If you are new to the gym, you might make the mistake of thinking you’re incapable of lifting heavy weights.
We’ve heard it time and again: People believe they are either “too old,” or “too weak,” to start lifting weights. Or they worry that lifting heavy will make them big and muscular.
Enough with this madness! First of all, it’s a good bet you’re much stronger than you think. You can definitely handle more than a tiny dumbbell that is really just a prop and doesn’t challenge you at all. You can squat, deadlift, hinge, press, pull weights, and move your body in ways you long ago forgot.
Of course, it’s important to remind your body how to move properly, but once you’ve got training technique nailed, you’ll be amazed at how much weight you can lift.
Second, let’s just clear up the whole “big and muscular” thing right now. To get big and muscular, you have to train in a very specific way (high volume, heavy weights), make nutrition a top priority, and put in at least a few years of intense, concentrated work. Muscles do not just automatically appear as soon as you walk into a gym and start tossing weights around.
Finally, everyone, whether you’re 9 or 99 can benefit from some form of training with weights. Of course, kids, older individuals, and those struggling with issues such as arthritis, osteoporosis, heart conditions, obesity, and so forth require situation-specific training programs. But EVERYONE is capable of competing with their own capacities by training with some form of resistance.
#6: Strengthen your brain, heart, hormones, and metabolism.
You probably remember that a big component of athletic performance is the brain—muscle connection. A 2012 study showed how different weights activate the brain differently:
A volume-based workout with 10 reps of squats per set at 80 percent produced the greatest overall increase in brain activity, with the largest overall number of motor units being worked.

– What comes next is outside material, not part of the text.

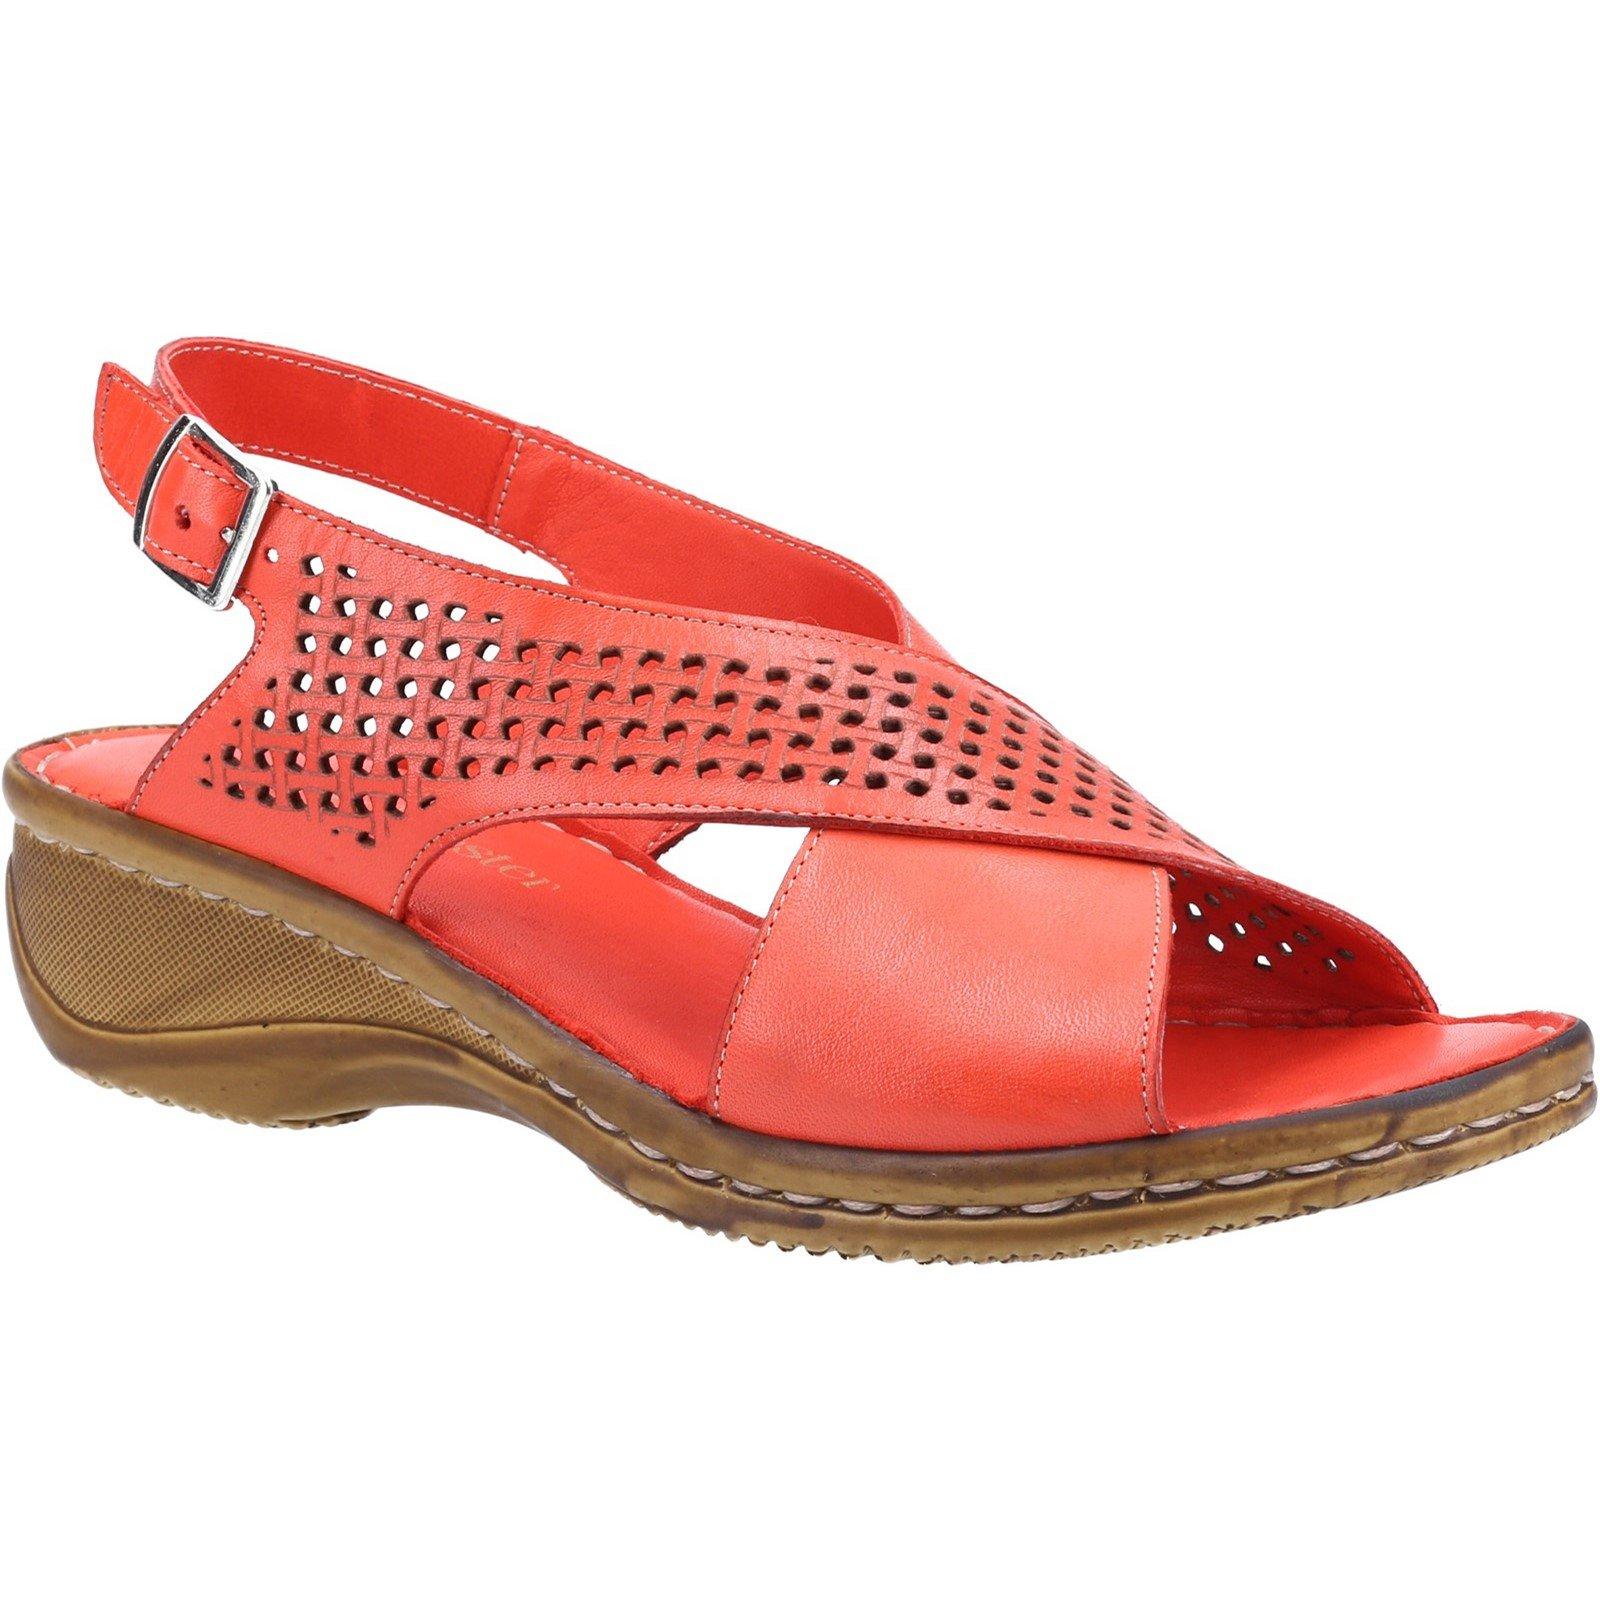 Fleet & Foster Women's Judith Open Toe Sandal Various Colours 31915 - Red 3

Results of a power workout that used light weights (30 percent of the 1RM) and explosive movements found that higher threshold motor units were recruited earlier in the movement. Compared to non-explosive movements using the same weight, three times more motor units were recruited when trainees moved powerfully.
Finally, lifting heavy weights (95 percent of the 1RM) trained unique regions of the brain not tapped into by the other two protocols.

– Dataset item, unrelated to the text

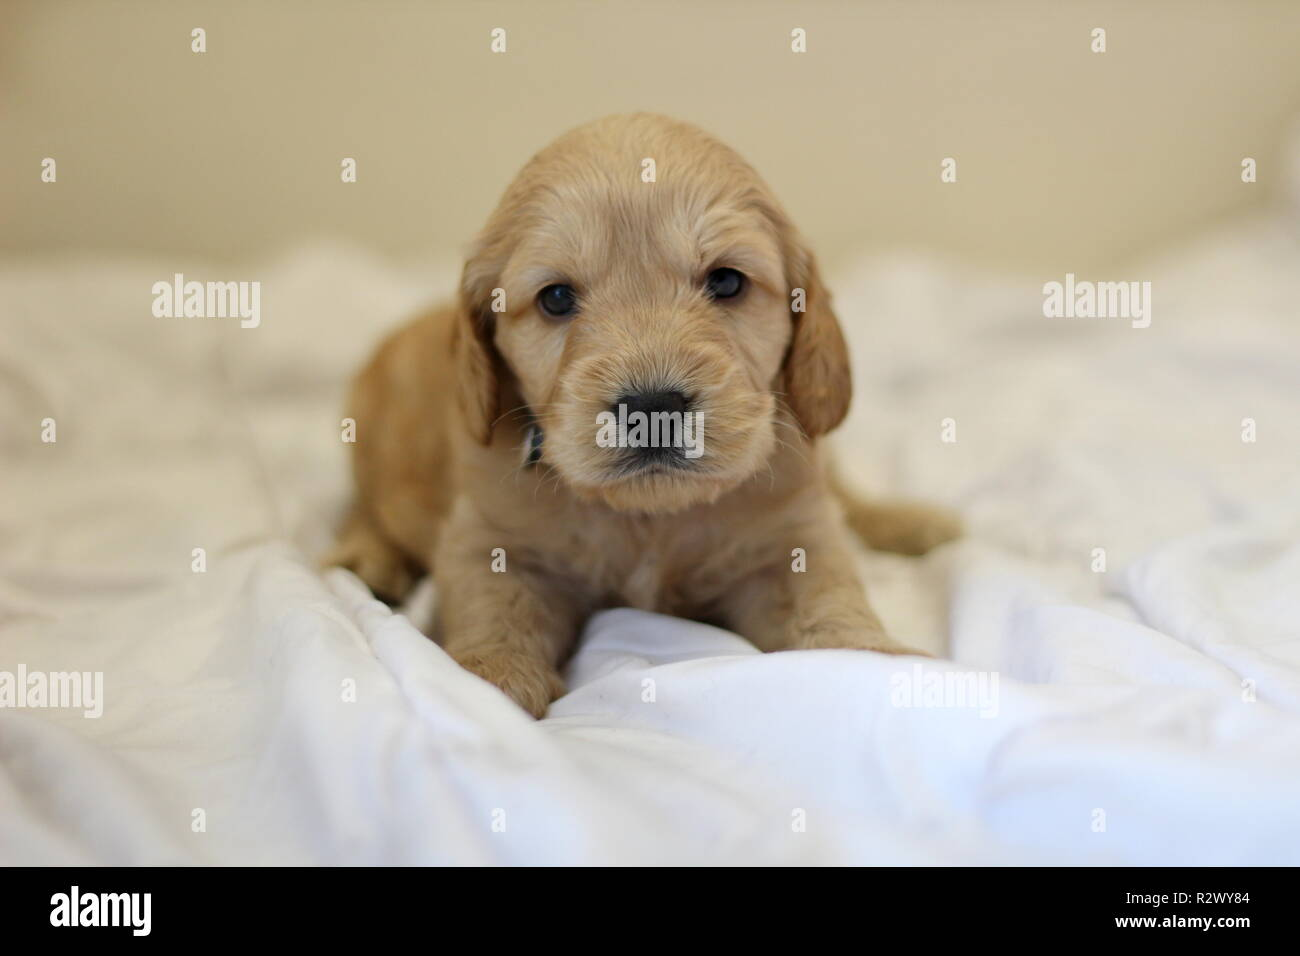 Cockapoo Puppy - Stock Image

Scientists conclude that to design successful workouts, you should include all three training types in your long-term program by alternating between phases every few weeks.

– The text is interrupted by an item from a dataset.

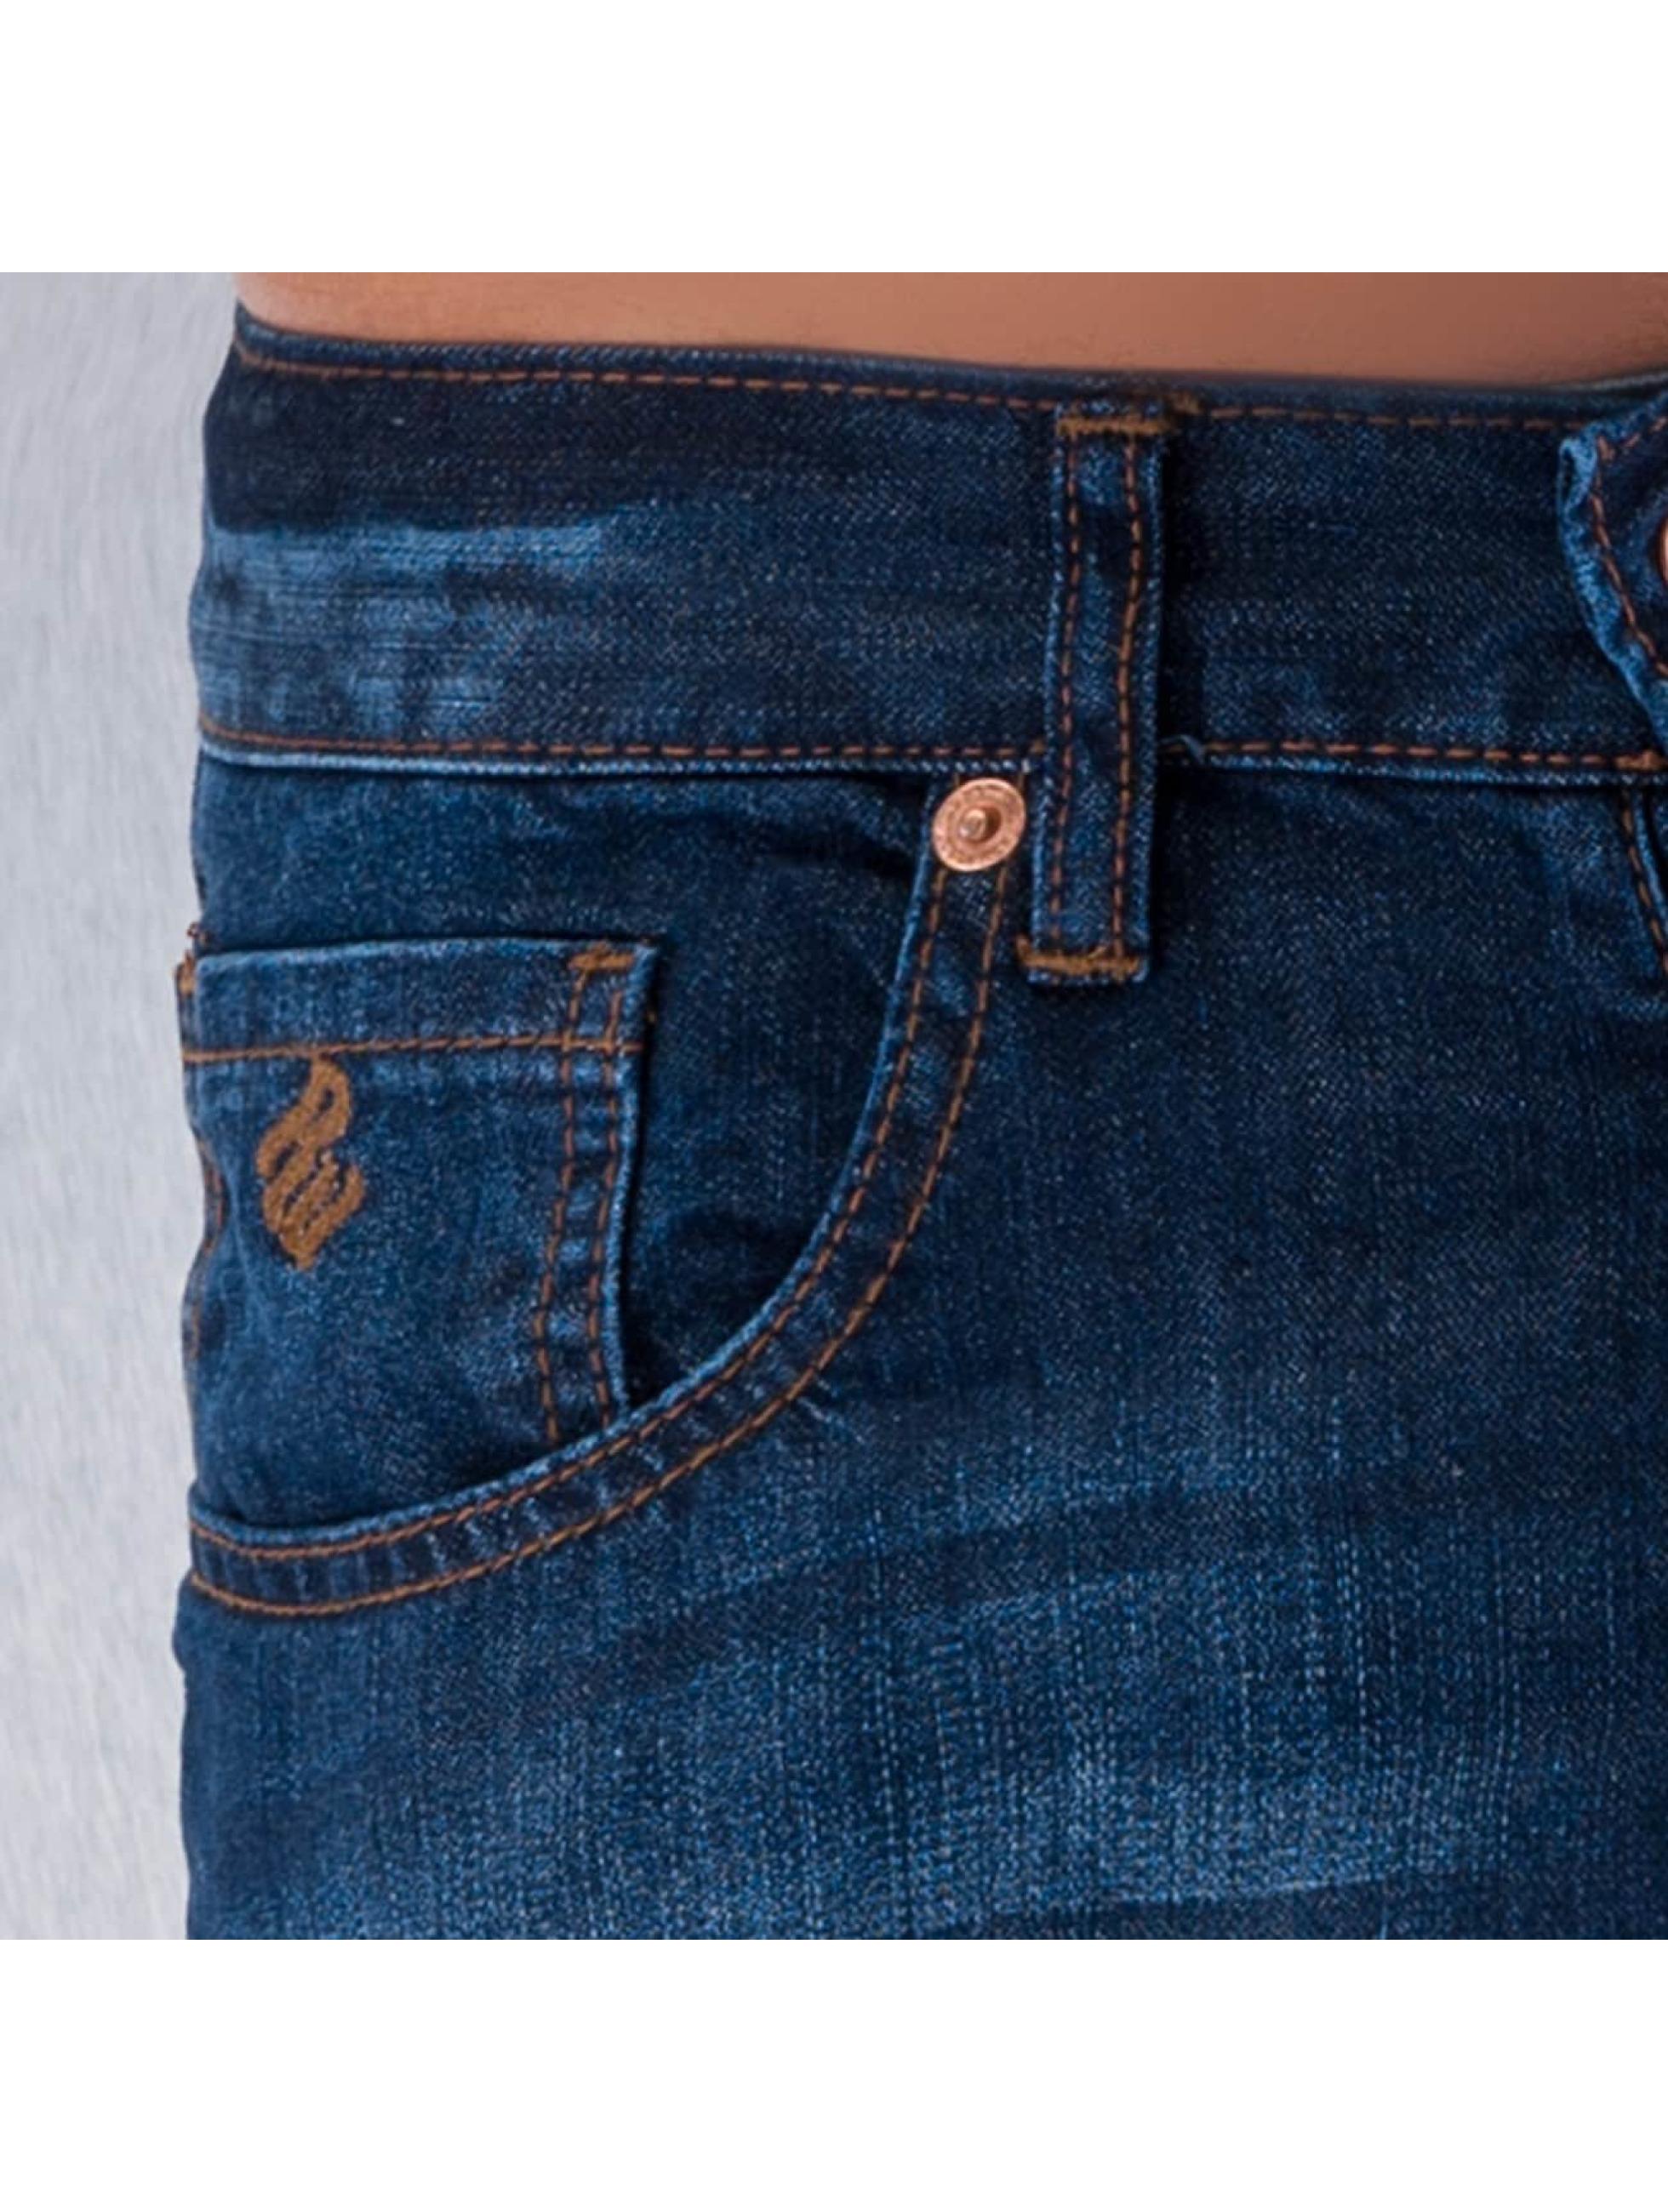 Rocawear Джинсы-трубы Tap синий

#7: Strengthen connective tissues and bone.
Lifting heavy protects your bone and connective tissue. One of the largest benefits endurance athletes can get from training with weights is to strengthen joint tissue and prevent degeneration from repetitive use. By loading the body with heavy weights, bone osteoblasts occur, strengthening bone, and tendons, collagen, and ligaments go through remodeling to become stronger.
In addition, this type of training allows you to move safely under load—an ability that is essential for any athlete who is jumping, pivoting, or twisting since the knee and ankle joints are not naturally equipped to handle such loaded movements at high speeds.
The fastest way to strengthen connective tissue is to do eccentric training, which is when you lower a very heavy weight slowly to the ground. Eccentric training causes significant tissue damage so it will make you sore.
The good news is as long as you allow adequate recovery time before doing heavy, muscle-thrashing training again, the damaged tissue and muscle will rebuild stronger and more protective than before.
Final Words
You have this reservoir of strength within you that is just waiting to emerge. Once you tap into it, you will literally transform every aspect of your life for the better!